I called the local ISP and told them I want to switch my IP address. They said I should be getting a new one each time I log on, but I assured them this was not the case. I’ve found a few workarounds and Linux commands, but they weren’t fixing the problem.

We told them that we weren’t running Windows when we called their tech support, but the person they sent over to look at the problem didn’t know how to use Linux at all. In fact, he didn’t even know how to access the Internet without Internet Explorer. No joke. He asked me, “How do you get onto the Internet without Explorer?” (Huge sigh.)

I knew it was basically going to fall to me to fix the problem immediately after that. He wasted a few more minutes of our time before admitting defeat and asking us to install Windows before we call next time we have a problem so he could “fix” it easily. (Sigh.)

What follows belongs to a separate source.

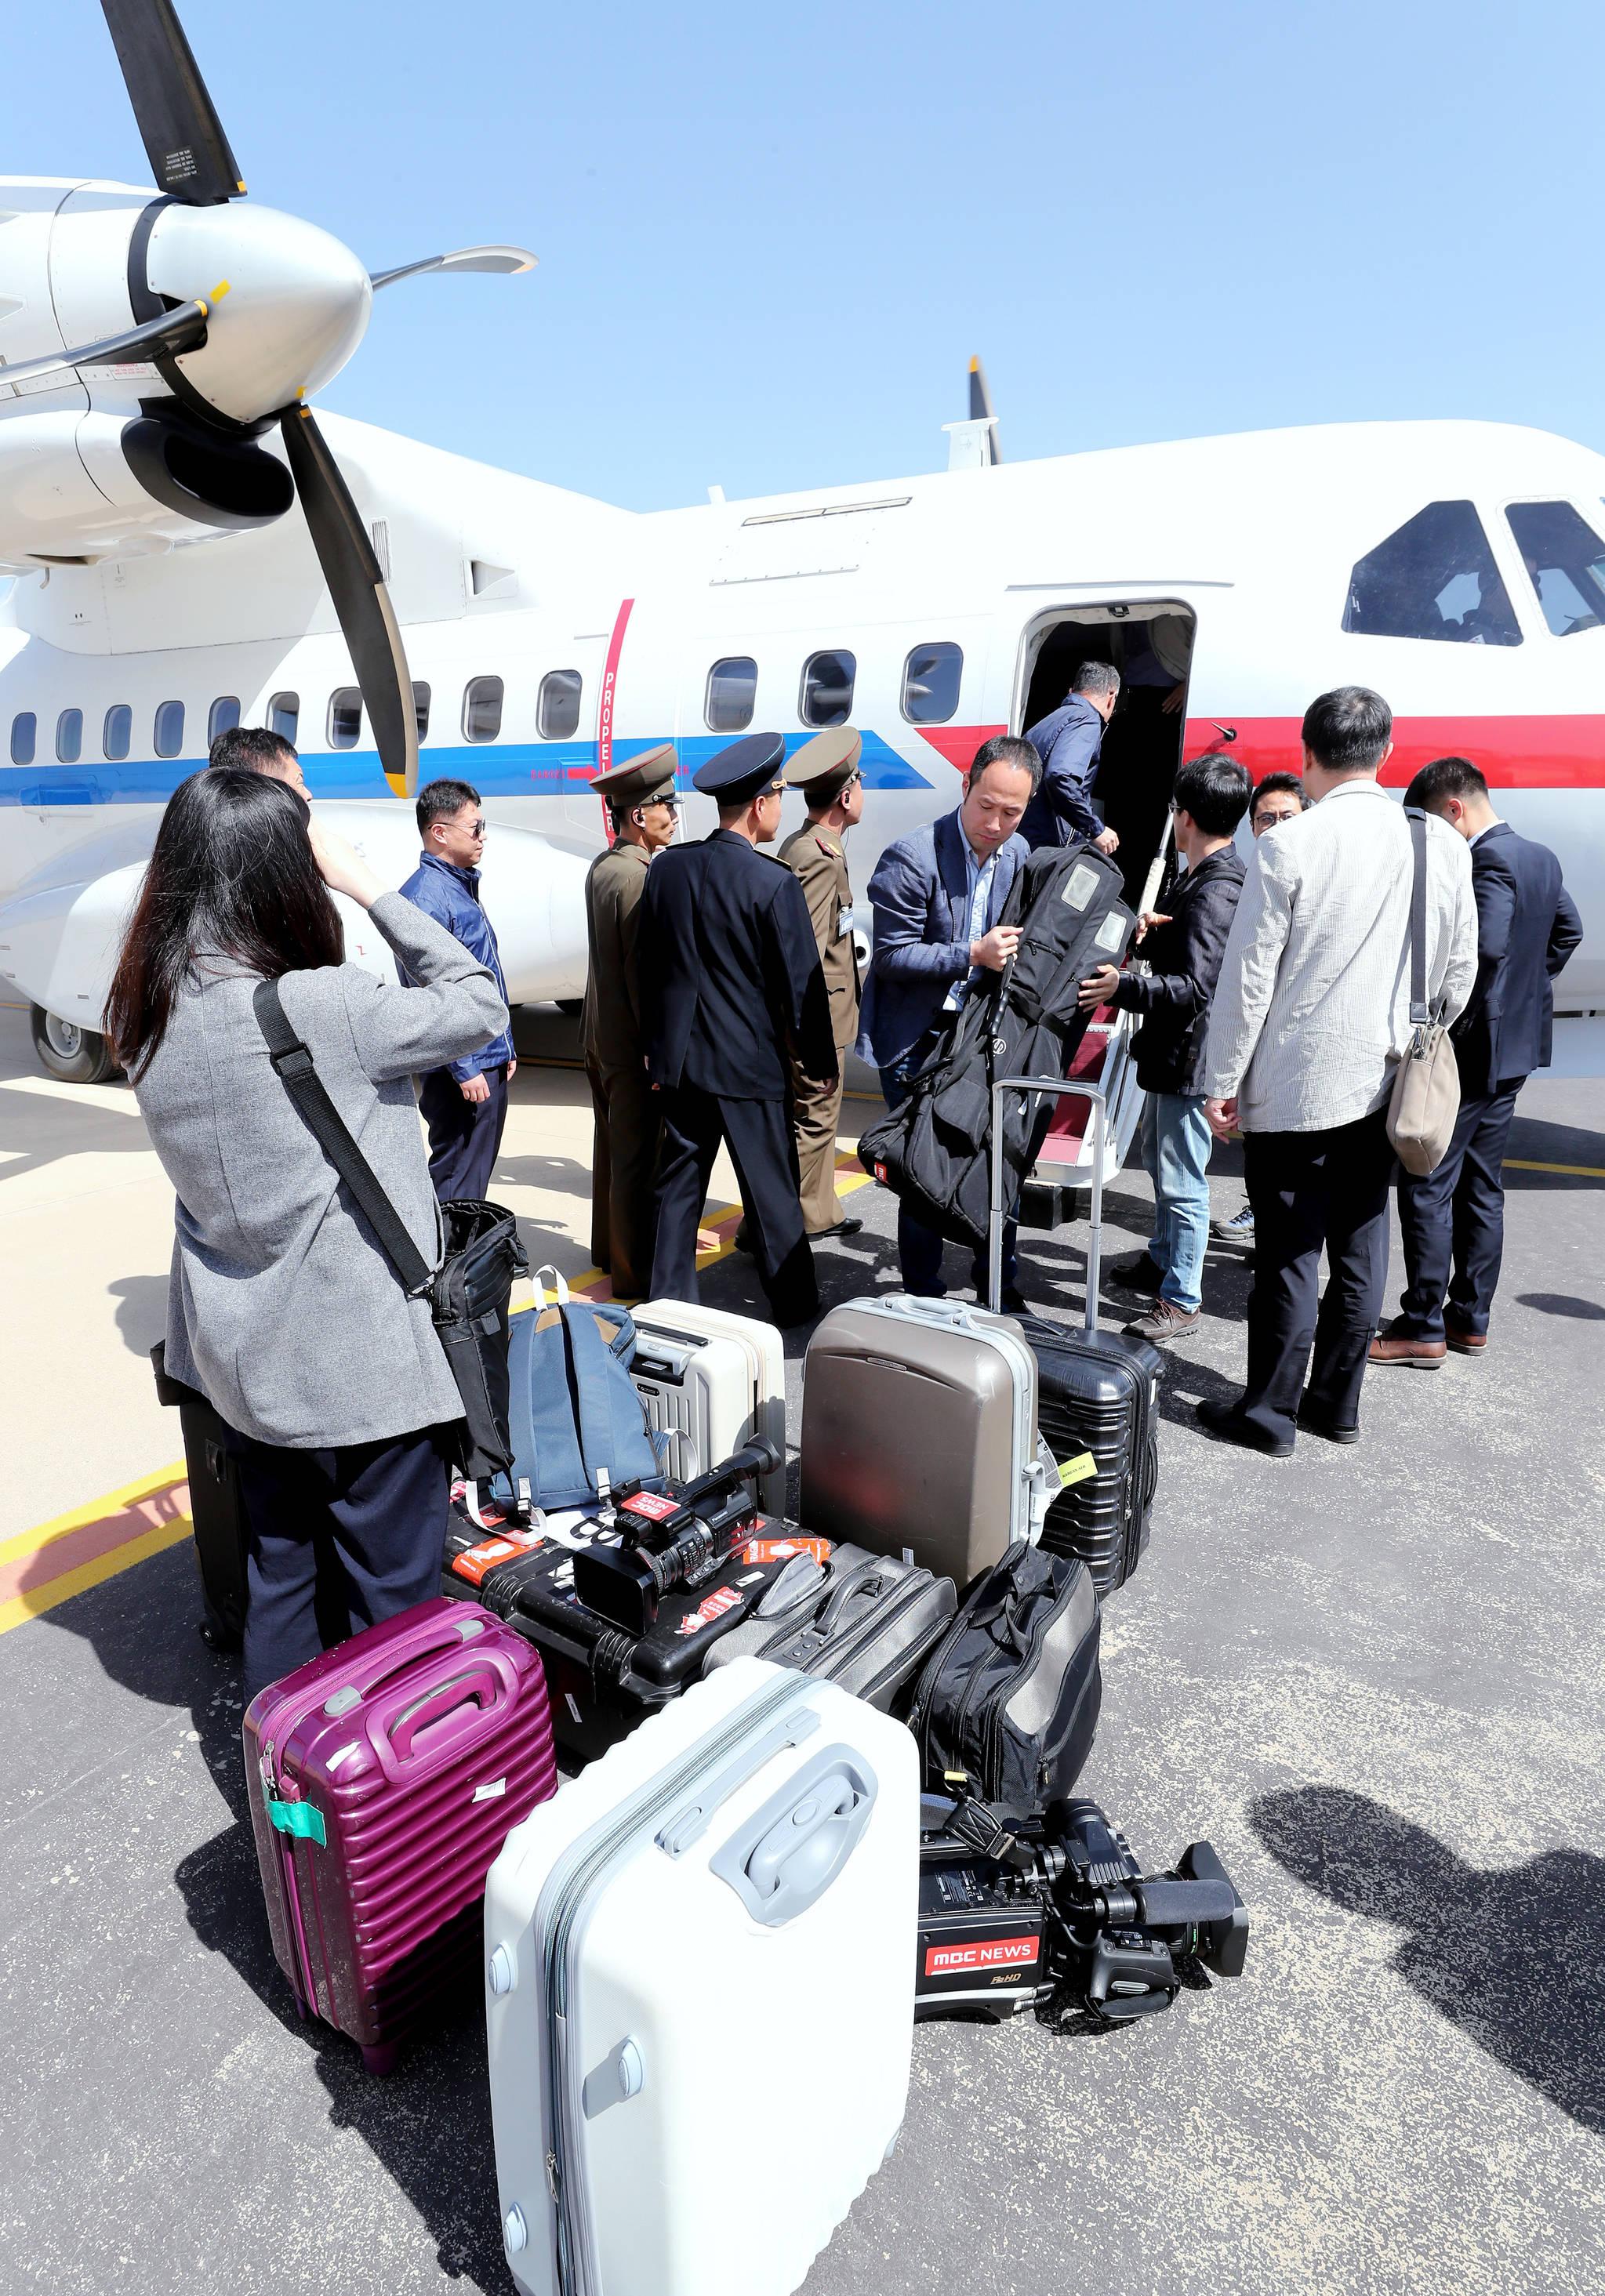 풍계리 핵실험장 폐기 남측 공동취재단이 23일 오후 북한 강원도 원산 갈마비행장에 도착하고 있다. 사진공동취재단

It hasn’t been all time wasting disappointments. I’ve actually been getting a lot of work done recently with different applications I’ve found scattered around the Internet. I’ve posted some snippets about these before, but I’d like to bring them back up since they’ve really impressed me:

Juploader. Like Flickr, but find the official Flickr Uploadr lacking? Have tons of vacation photos you need to sort through with multiple permission levels, lots of tags, and lots of organizing to do? I’d highly recommend checking this application out, as it streamlines the process in a very visual, friendly way. It saved me hours of time organizing my Cambodia vacation picture sets. It’s Java based, so anyone can use it.

I was always organizing, transcoding, and manipulating videos to play on my Cowon D2 for my commute to work. I was always running out of materials to watch after a week. You can eat up a lot of television when shows are stripped of commercial distractions, which meant a lot of converting and processing time.

Podcasts are my new daily walking commute media. Podcasts are a pain to organize and get downloaded. If I had to do the transfers for each individual file myself, what’s the point? Podcast Ready + mypodder has automated the process entirely. I pick out the podcasts I want to subscribe, add it to my list, plug in my player, and have it download everything for me. It’s platform and player neutral, so anyone can use it on any player. Awesome. I had enough material on my D2 loaded for my trip that I never listened to the same program twice on a flight and always had something new to listen to as we flew

As for finding new software? GetDeb has been a wonderful resource for new programs to try out. Beware, some of the stuff available is beta, so it’s usually better to find the program in Synaptic and install unless there is a new feature you are dying to install.